EVERETT — Members of Congress are asking the U.S. Forest Service to delay plans to move the Green Mountain forest fire lookout out of the Glacier Peak Wilderness.

Rep. Suzan DelBene, Rep. Rick Larsen, both Democrats who represent portions of Snohomish County, and a member of the House Natural Resources Committee sent a letter Friday to the chief of the Forest Service describing their intent to pass legislation to protect the lookout where it sits.

In July, Darrington Historical Society member Scott Morris joined DelBene and Larsen in testifying before the congressional committee in support of the Green Mountain Heritage Protection Act, which could be heard by the full House of Representatives in September. Sens. Patty Murray and Maria Cantwell, also Democrats, also are pursuing identical legislation in the Senate.

At a cost of about $100,000, the Forest Service is planning to use a helicopter to haul away the lookout from the 6,500-foot mountain and put it down eight miles away at the top of Circle Peak, also in the Mount Baker-Snoqualmie National Forest. The plan follows an order by the U.S. District Court in Seattle to remove the lookout. The court sided with a lawsuit by Montana-based Wilderness Watch against the Forest Service for using a helicopter to shore up the lookout, a violation of the federal Wilderness Act.

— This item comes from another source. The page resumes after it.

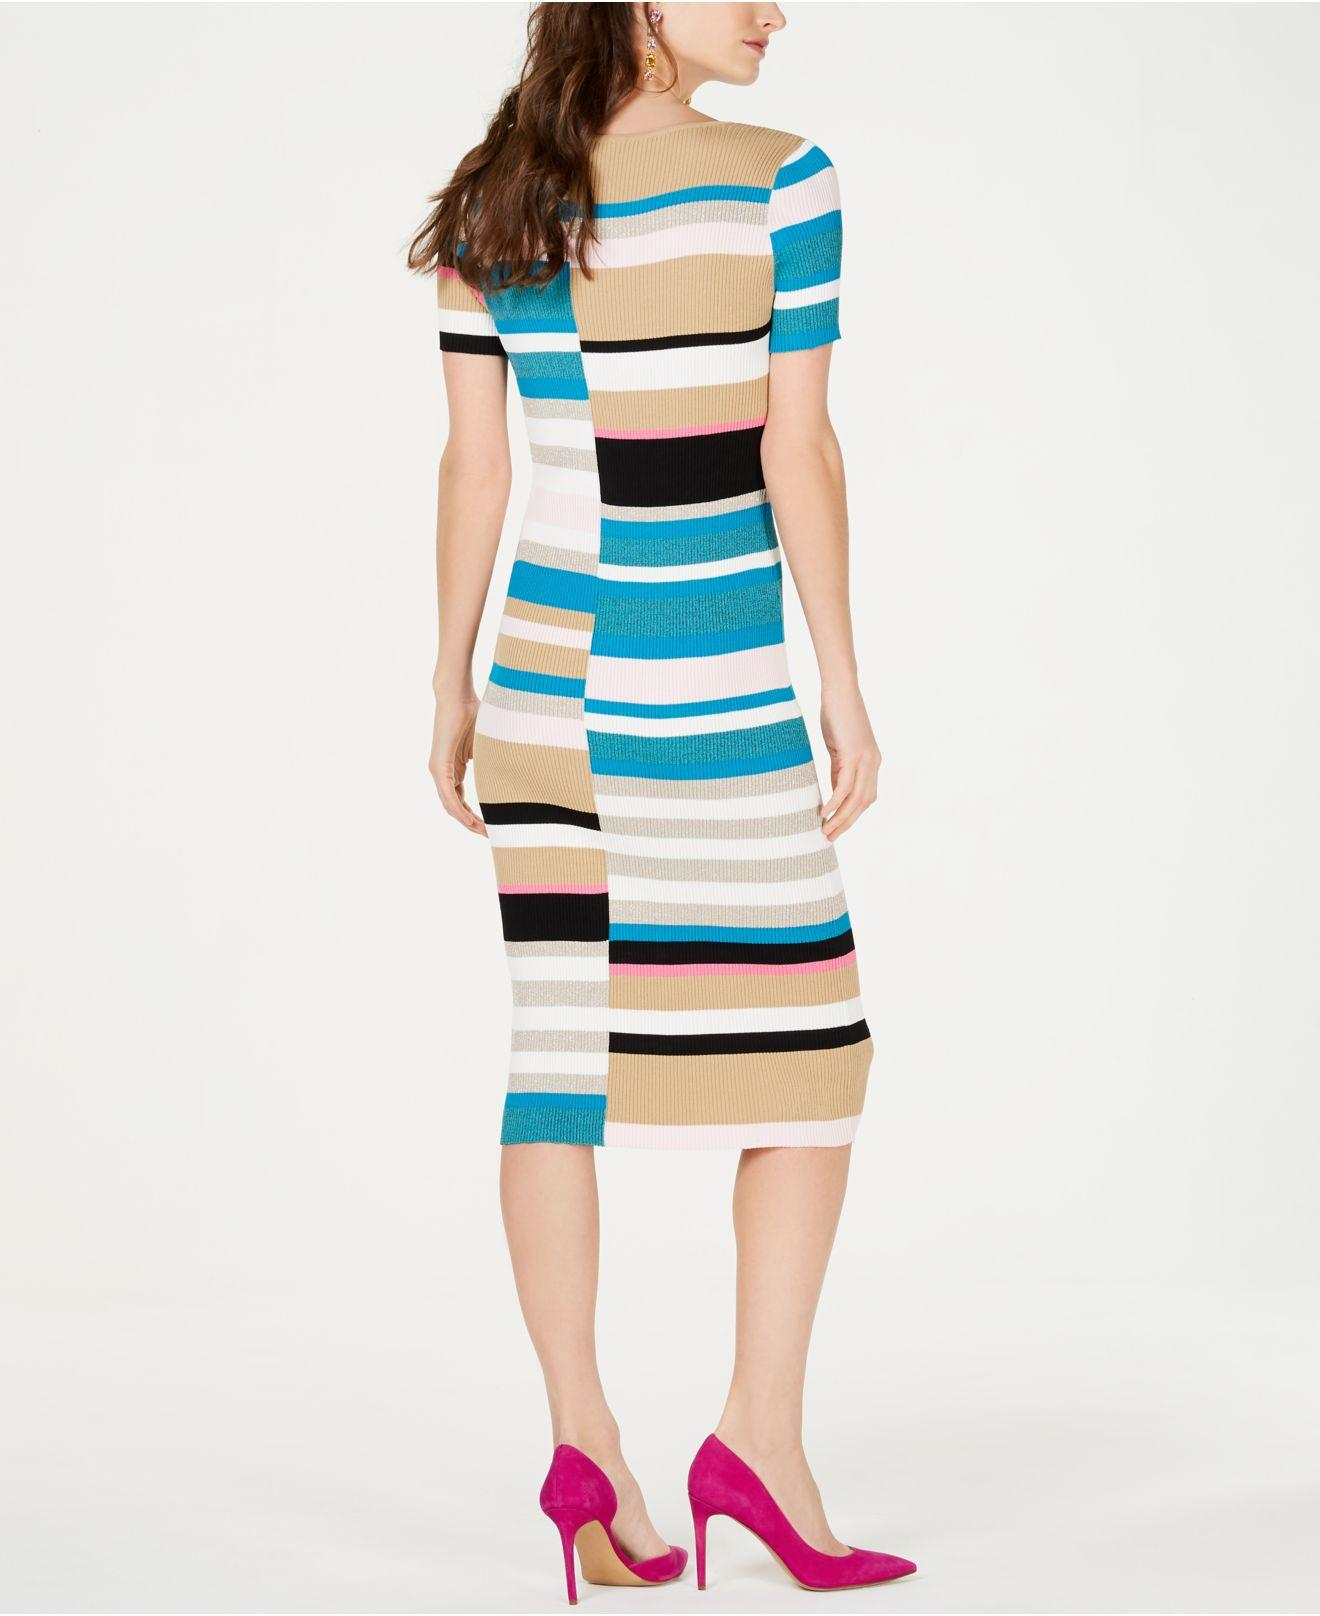 21f471b71a4 Lyst - INC International Concepts I.n.c. Petite Colorblocked Short-sleeve Sweater  Dress
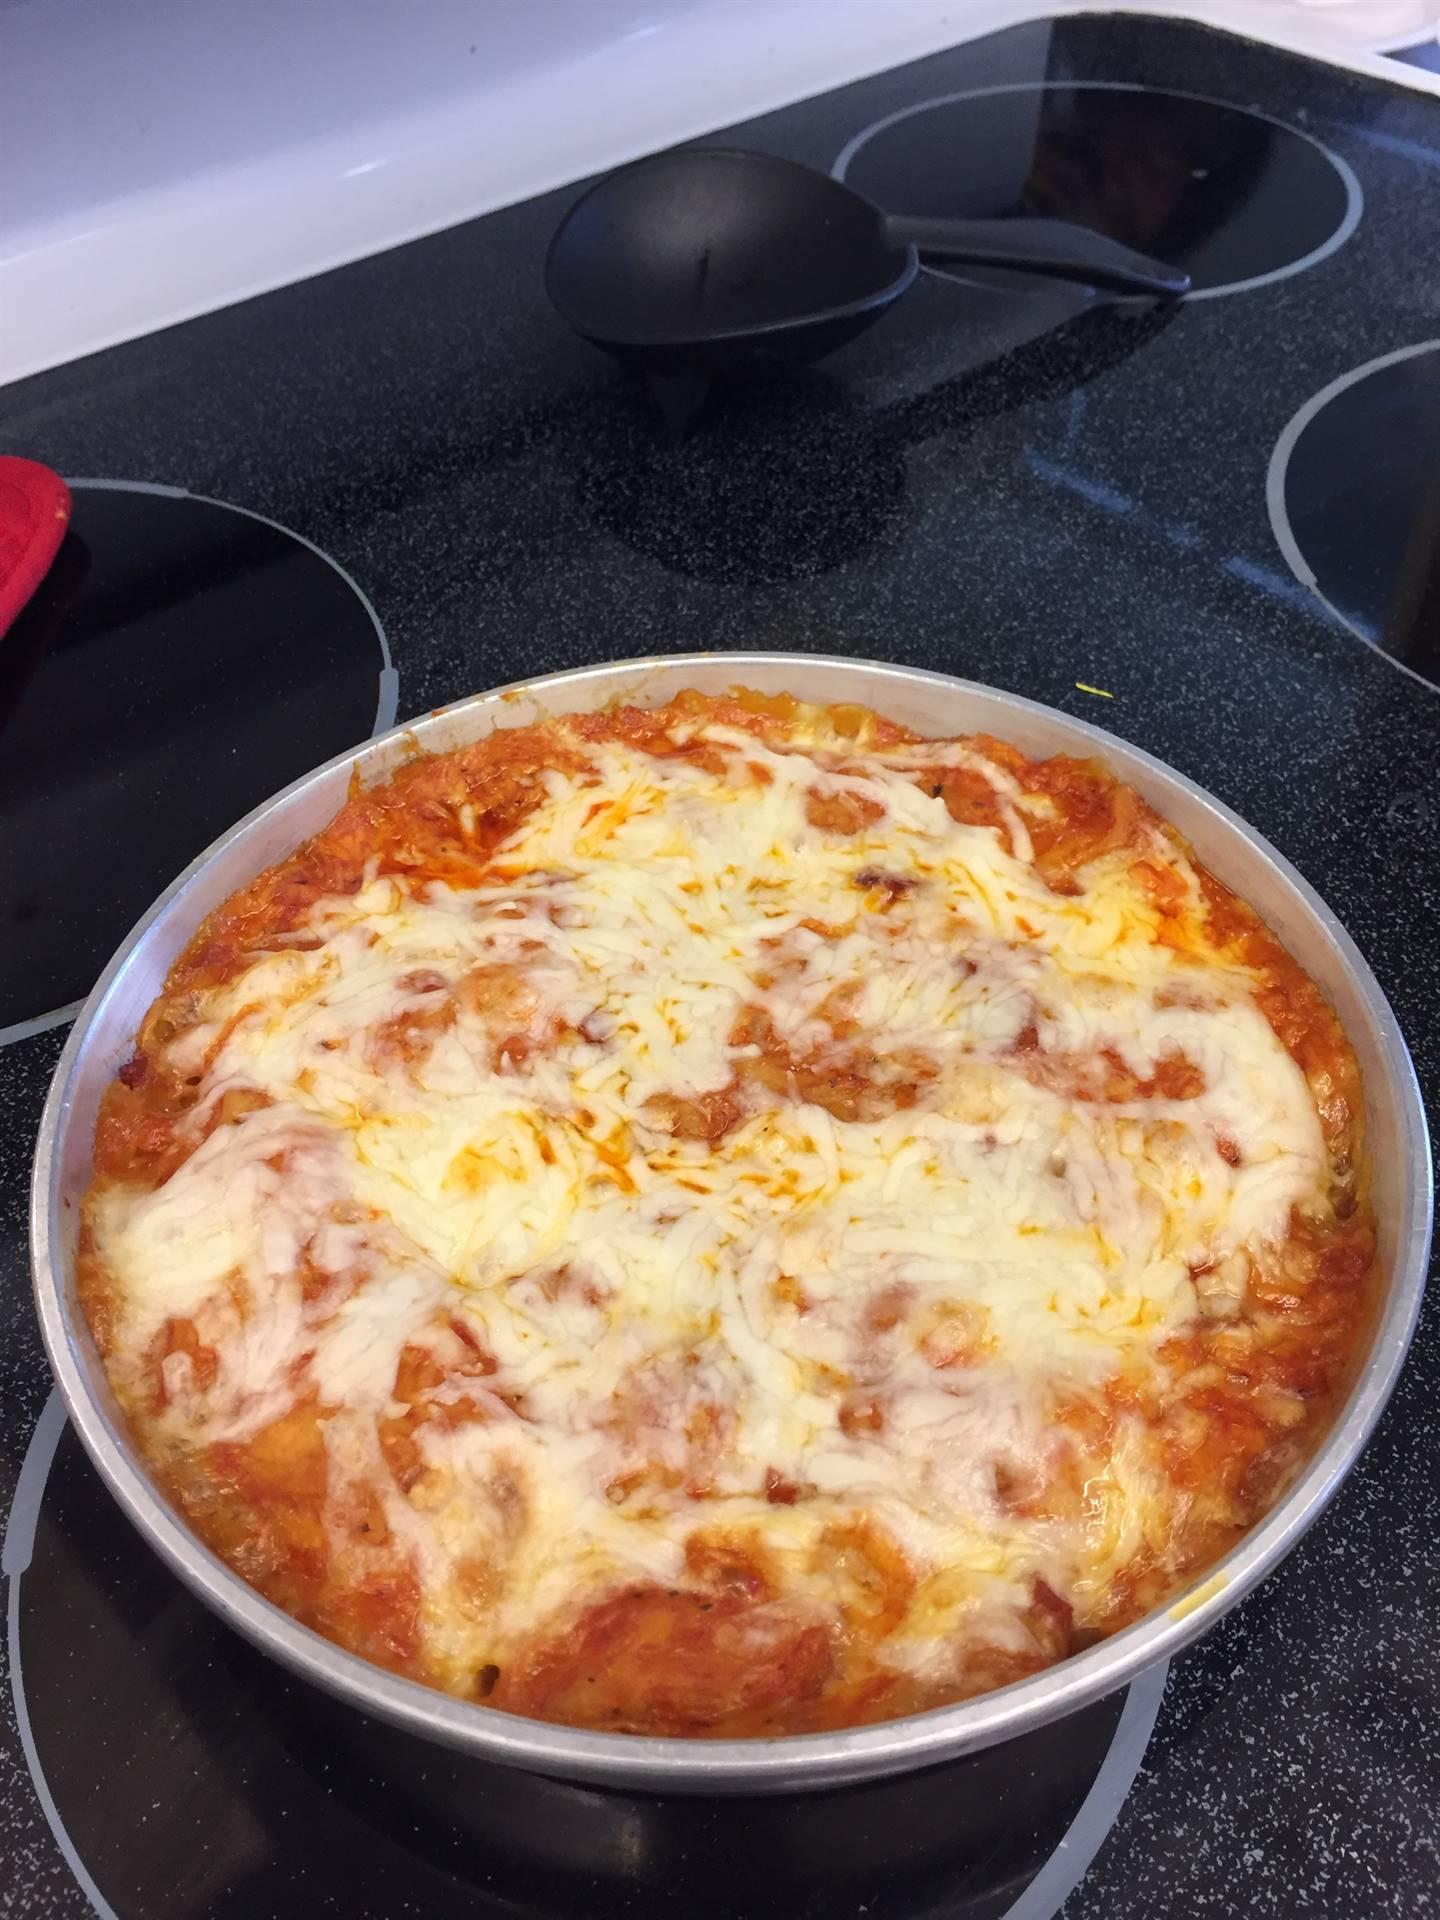 food tech students making pizza bubble bread

Kitty Craig, Pacific Northwest regional representative of the Wilderness Society, said in a statement last week that her organization is pleased that the House committee approved the proposed bill.

“We believe the Green Mountain lookout provides outstanding benefits to the preservation of Glacier Peak Wilderness and the education of wilderness visitors and does not detract from the qualities we seek in wilderness,” Craig said.

“Time is running out for the future of the lookout as the Forest Service has started its first phase of planning for the removal of the lookout from Green Mountain.”